[EG] These are huge; they're bigger than birds.
[Jim Boone] They're katydids from Papua New Guinea. It's like a grasshopper, in the order Orthoptera. In this order there are katydids, grasshoppers, and crickets.
[EG] So, what's a locust, then? Are they...?
[JB] A locust is a grasshopper.
[EG] Okay, I'm just trying to, like, put them all in the same thing. So these are... Okay, alright.
[JB] It's a large grasshopper, it's a common name; mostly people call cicadas "locusts," too. But they're not, it's just the grasshoppers that are locusts. So these are probably the largest katydids you're going to find.
[EG] I mean, they're gigantic.
[JB] Yeah, ours are probably this big.
[EG] The katydids in North America?
[JB] Yeah, so this one's over twice as long--
[EG] Wow!
[JB] with a huge wing. And they have a shield that looks like a leaf; the whole thing is to look like a leaf.
[EG] I-- definitely looks like a giant leaf.
[JB] Well, we have the mantids, so these are hooded mantids, which look like leaves, and when an insect is going to copy a leaf, it's usually a green leaf, so it's live, but...
[EG] Exceptions to the rule! What???
[JB] Yeah, this is the top side, and then when they're at rest, they fold their wings, and they look like a dead leaf. These guys took it to a whole new level. Not only do they have the vein of the leaf, and the little minor veins, they have rust spots and diseases, like a dead leaf.
[EG] Wow!
[JB] So they copied their host plant.
[EG] How do you find these in the wild, like, what do you, how do you even know what to look for...?
[JB] We wait til they fly.
[EG] Really?
[JB] Yeah, you're not gonna notice that if it's on a twig.
[EG] Yeah, no way. I would never, I mean, you, I looked at these in here and was like, well you put some leaves in here for comparison but obviously not.
[JB] So this is the underside.
[EG] *amazed* Whoa!
[JB] Isn't that amazing? And look, even the tails look like a stem.
[EG] Yeah!
[JB] Looking like a leaf, is a good camouflage, looking like sticks, too--
[EG] (loud gasp)
[JB] So this is the largest. This is the longest insect...
[EG] This is huge!
[JB] ... on the planet, the Giant Walking Stick. This one, I think, is from Malaysia.
[EG] That is huge.
[JB] And we joke around a little bit on here...

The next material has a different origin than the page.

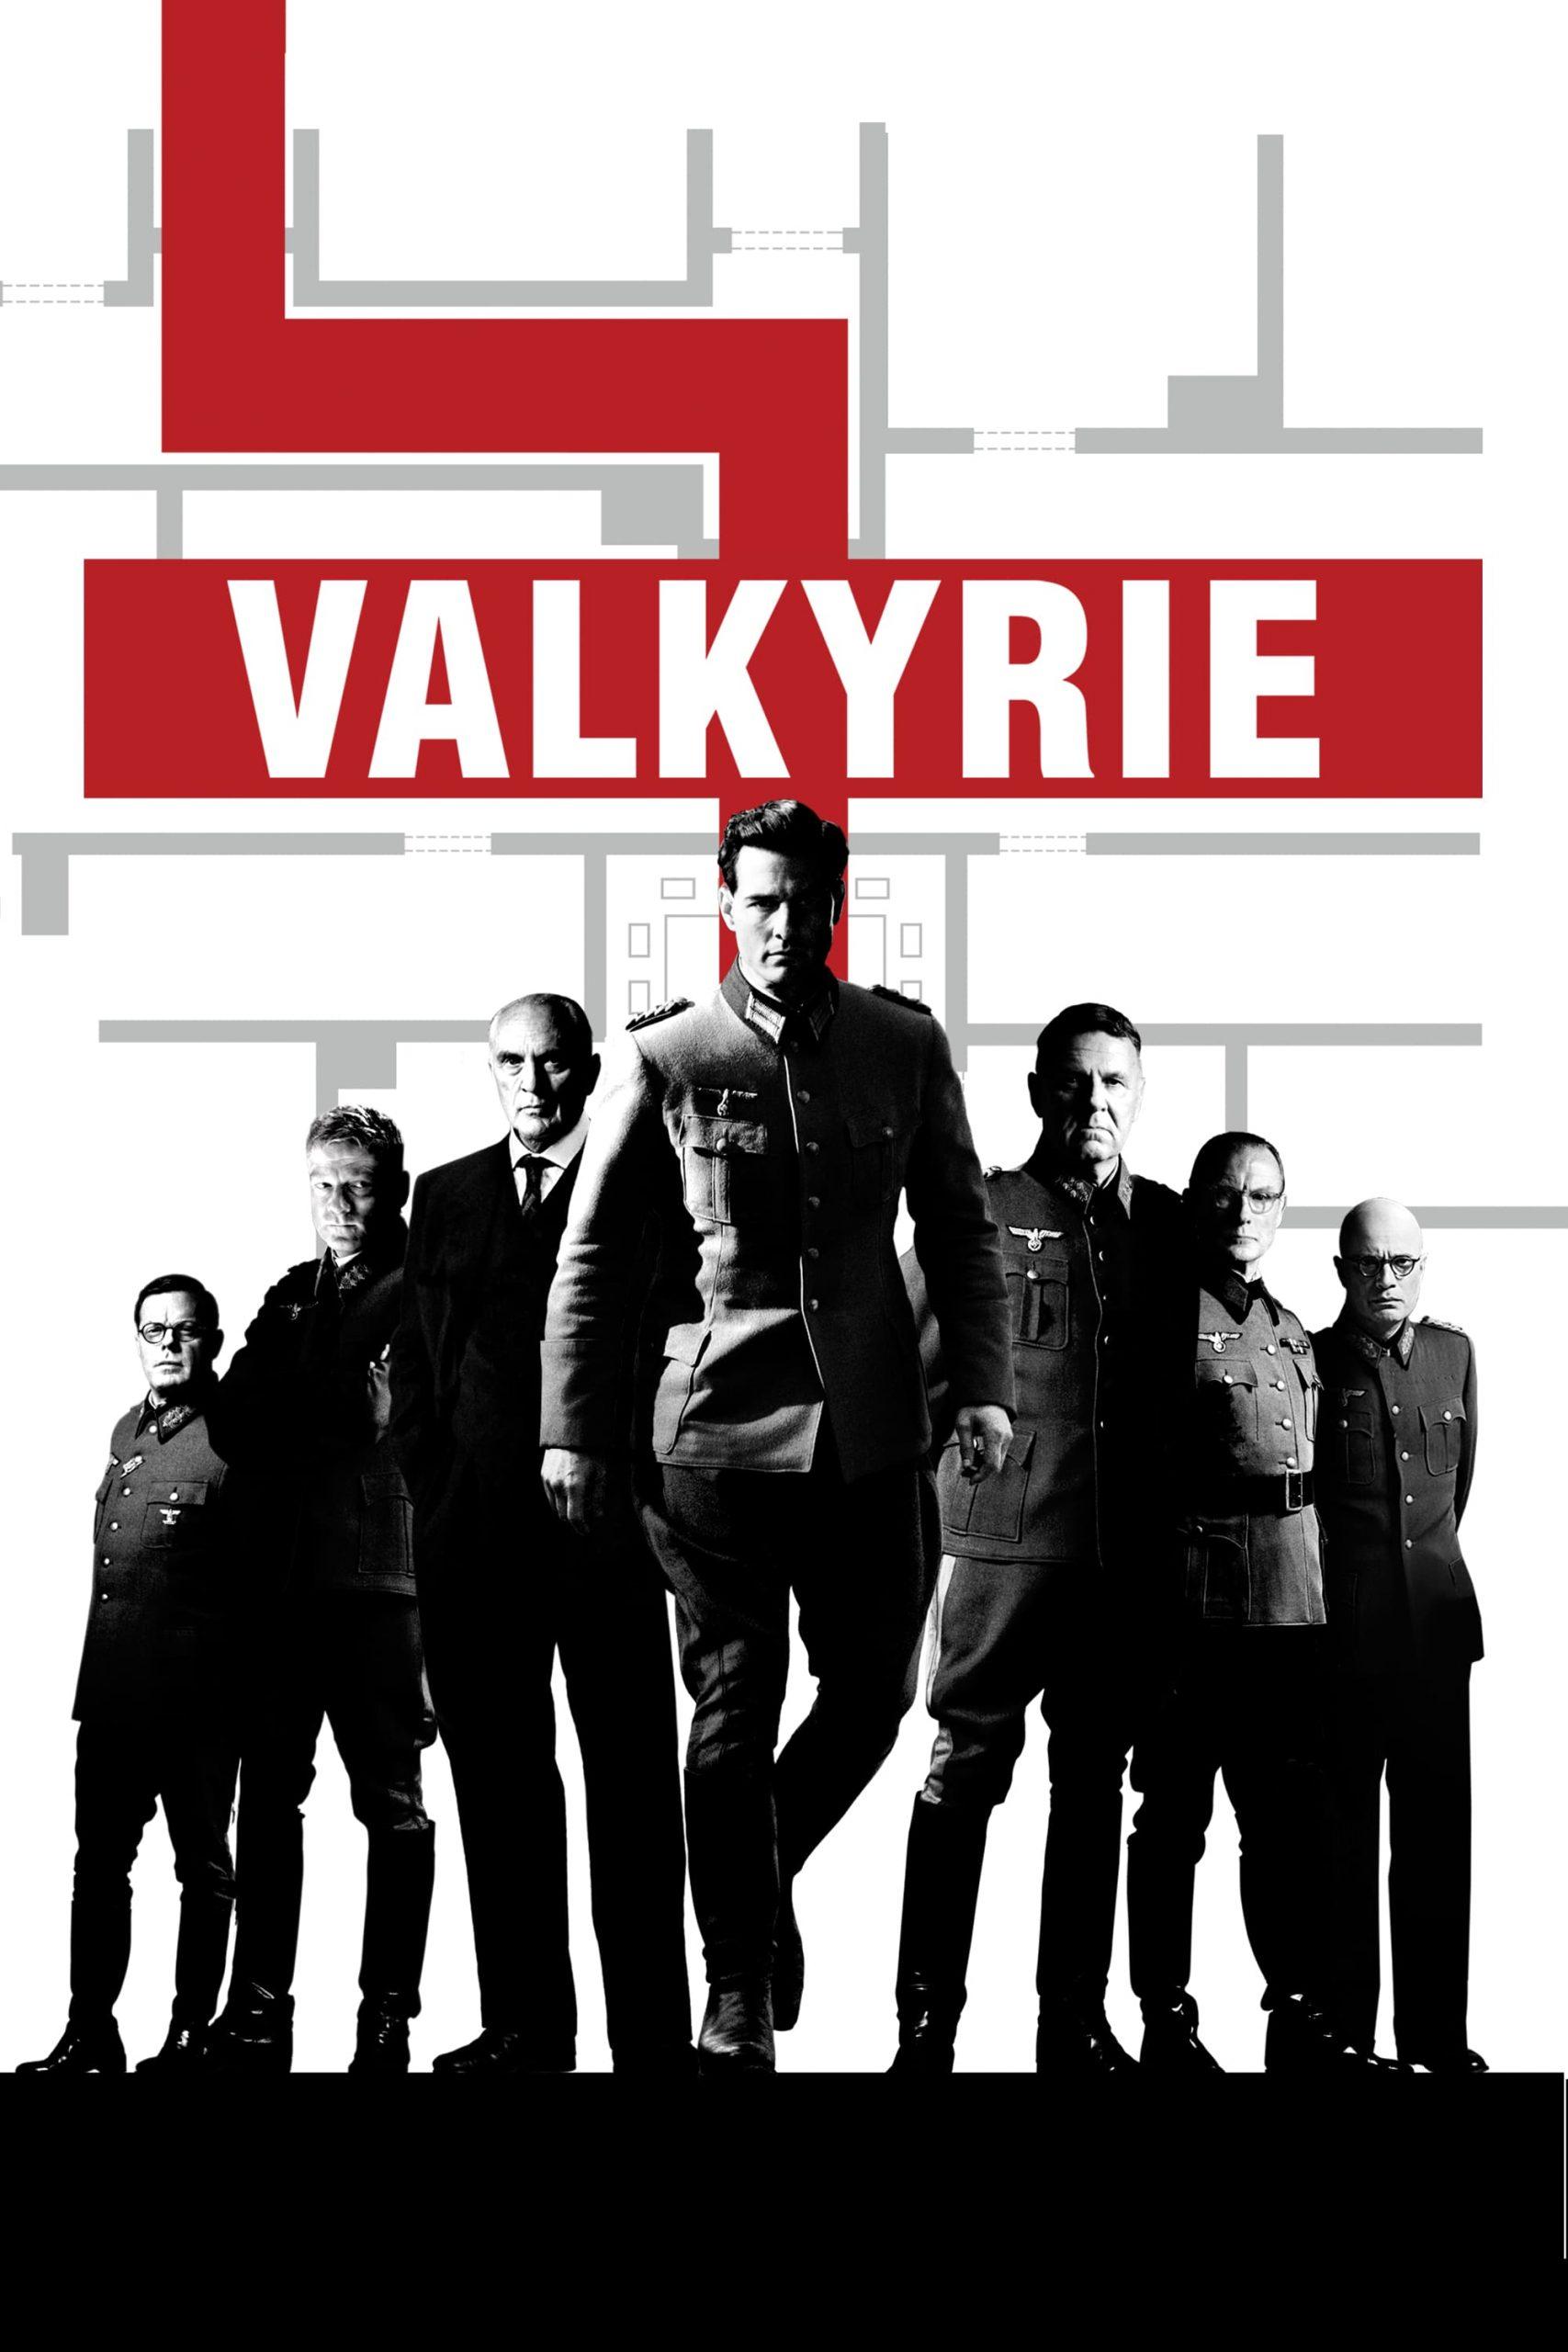 دانلود فیلم Valkyrie 2008 با دوبله فارسی

[EG] Yeah, it says "more than seven feet." I'm like, even I think that's a little bit implausible.
[JB] A lot of people don't catch that though. "WHAT?!"
[EG] Really? "These thing can be bigger than seven feet." You have the credentials, being a museum, you could say anything and people would believe you.
[JB] Exactly.
[EG] Are these insects, too? I can't even see what's in here, they look like tiny... tiny... dots.
[JB] Yeah, those are probably some of the smallest beetles you're gonna find.
[EG] They're beetles?
[JB] They're called featherwing beetles, because their wing, this is their wing, it looks like a feather. We have a huge collection of these, that Hank Dybas, he was one of our curators here, um, he collected.
[EG] How do you collect these?
[JB] We use traps. And we get a bunch of everything. And then we sort out what we call the target taxa: things that we wanna study.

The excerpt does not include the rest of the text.